Set Up NAS Archive Destination

Before configuring a NAS archive destination, ensure you have the following:

  • Each Data Lake node must have read/write permissions on the NAS mountpoint

  • Each Data Lake node must be included in its security group for accepted network traffic

  • Hostname or IP of the NAS endpoint

  • Mount path at the destination host

  • Destination must be in NFS v.4 filesystem format

  • Group and user IDs (gid and uid) for archive folders and directories must be 1000

To configure and enable an NAS archive destination:

  1. Navigate to SettingsData ManagementArchive.

    DL-DataManagement-Archive.png
  2. Click Add Archive.

  3. Select NAS.

    DL-Archive-DestinationTypeNAS.jpg
  4. Copy the prerequisite script displayed in the UI and then run it from the master node.

  5. Click NEXT to proceed to the configuration menu.

  6. Fill in the required fields.

    DL-Archive-NASConfigFields.jpg
  7. Click TEST CONNECTION.

  8. Once testing returns Test was successful!, click SAVE to apply the configuration.

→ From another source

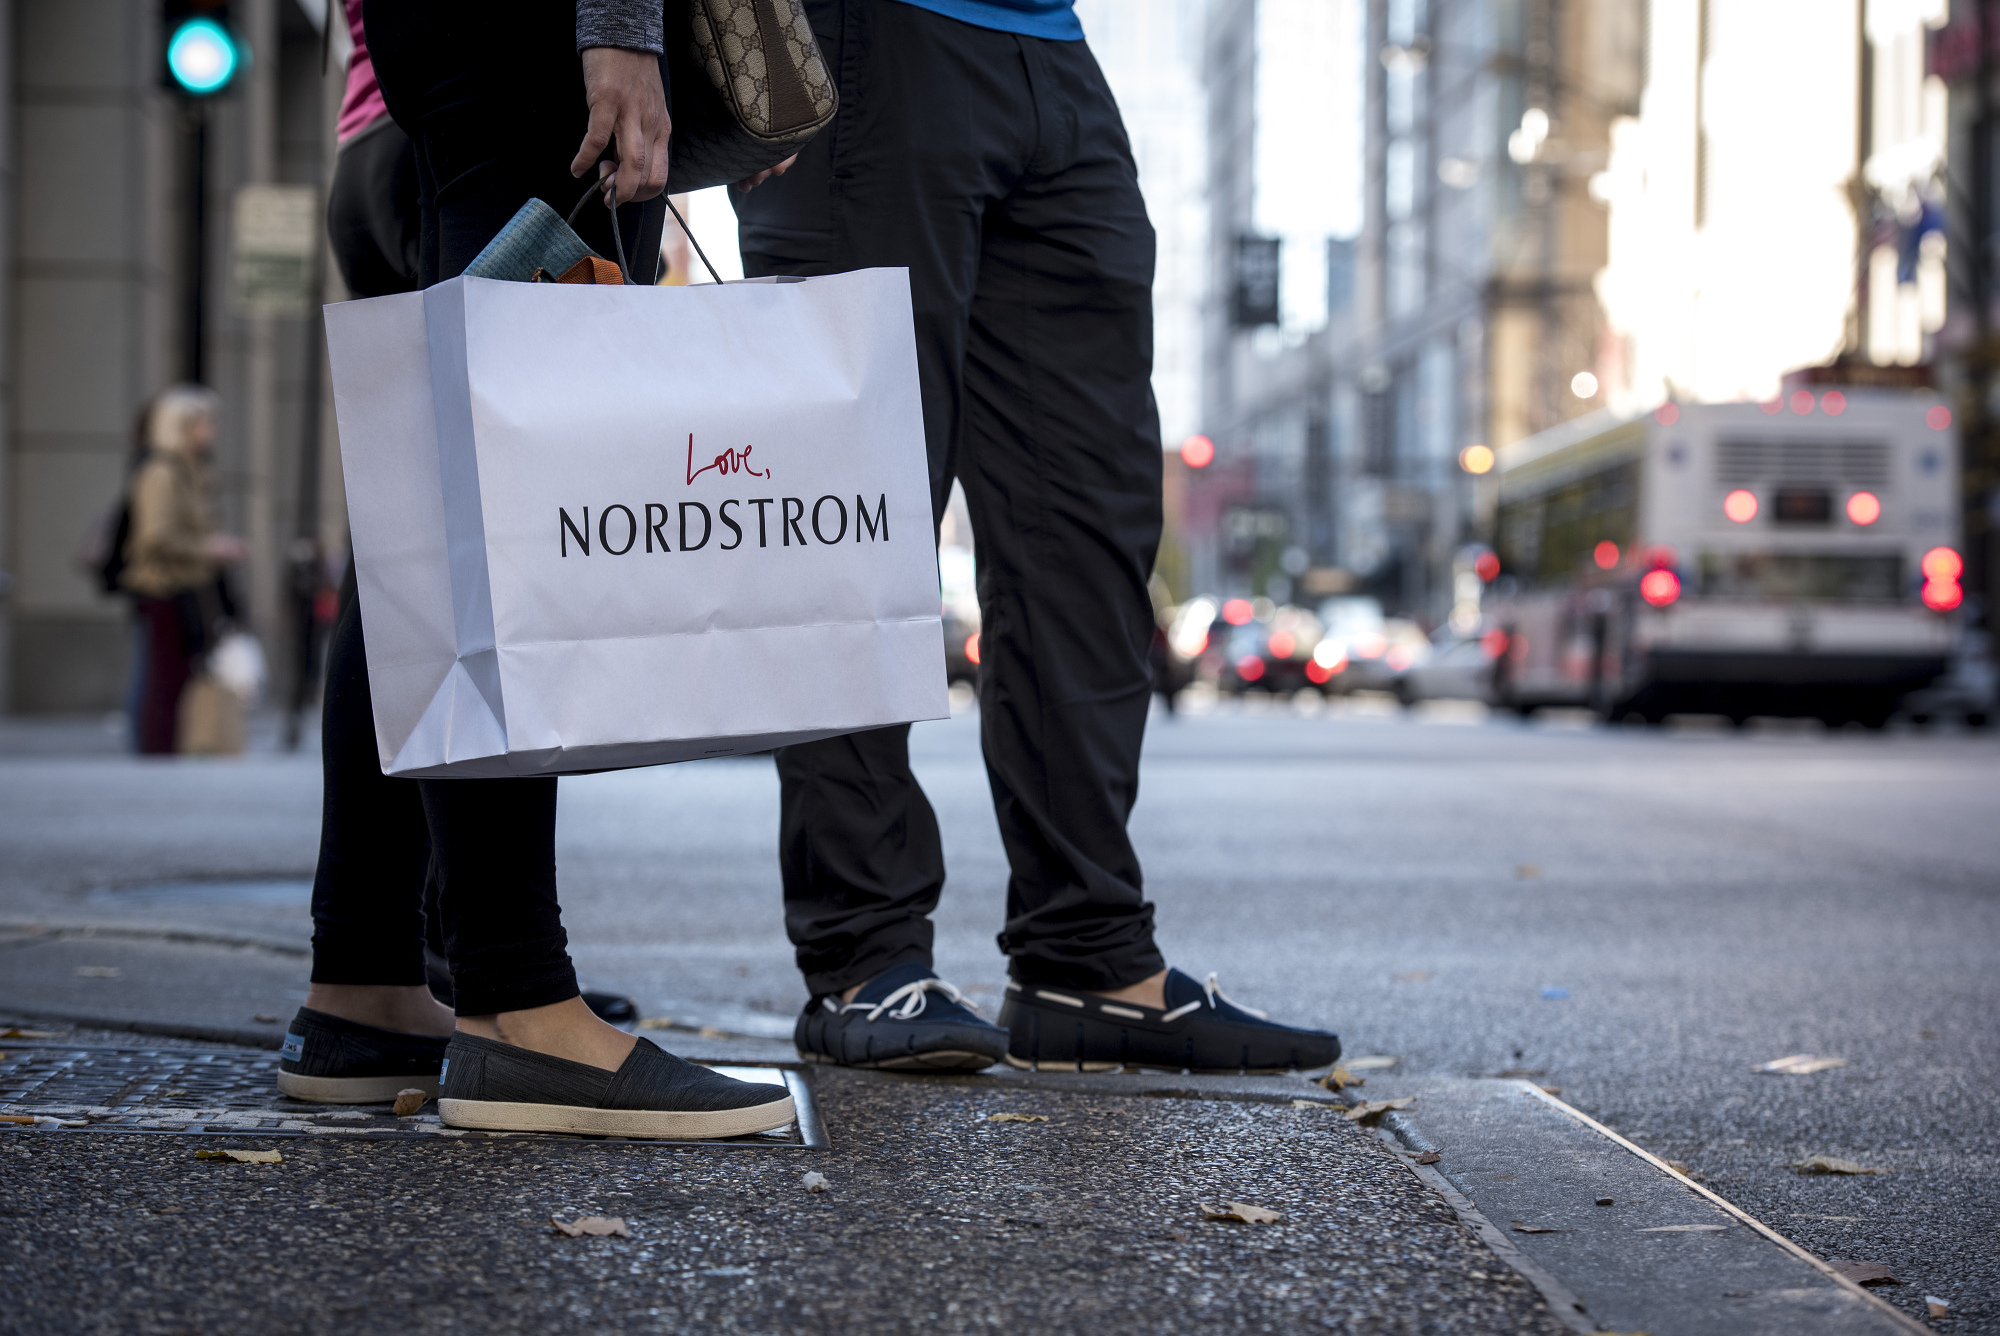 Nordstrom Targets Younger Shoppers With Topshop Investment - Bloomberg

Archive Destination Management for Exabeam Data Lake Logs

Hardware and Virtual Deployments Only

Assuming your Data Lake archive source and destination has been configured, this section details archive destination management, including steps to enable, edit, or delete your archive destination.

DL-Archive-ArchiveManagement-S3Enable.jpg
Enable Archiving

Once you have set up an archive destination, enable a destination for your archive and thereby activate the retention policy and archiving. Only destinations that are correctly configured will produce an actionable Enable toggle.

To enable archiving:

  1. Navigate to SettingsData ManagementArchive.

  2. If this is the initial setup, it is important to first click on “How to enable?” which will generate the following prompts.

    DL-ArchiveManagement-StepsToEnable.png
  3. You need to execute the commands via SSH to the master node host, if you meet any of the following conditions:

    1. Setting up the archive destination for the first time (for Archive purposes)

    2. Setting up the archive destination for the first time (for Restore purposes)

    3. AWS credentials were updated for this destination (for either Archive or Restore)

  4. After the above command finishes on the command line, you need to click How to enable? and follow its instructions to activate the archive destination. (This step is only needed for Archive. Please DO NOT enable this for Restore.)

    DL-Archive-ArchiveManagement-S3Enable.jpg
Edit Archive Destination

You may on occasion change the destination repository. Your archive NAS may be at maximum capacity and a new NAS is introduced, or your organization needs to use a different S3 bucket. If you do not have a destination already, use this menu to create one.

To edit an archive destination:

  1. Navigate to SettingsData ManagementArchive.

  2. Click the vertical ellipsis to expand the submenu and then click Edit.

    DL-Archive-ArchiveManagement-Edit.jpg
  3. In the Edit Destination menu, fill in the required fields and select Archive Format you want supported.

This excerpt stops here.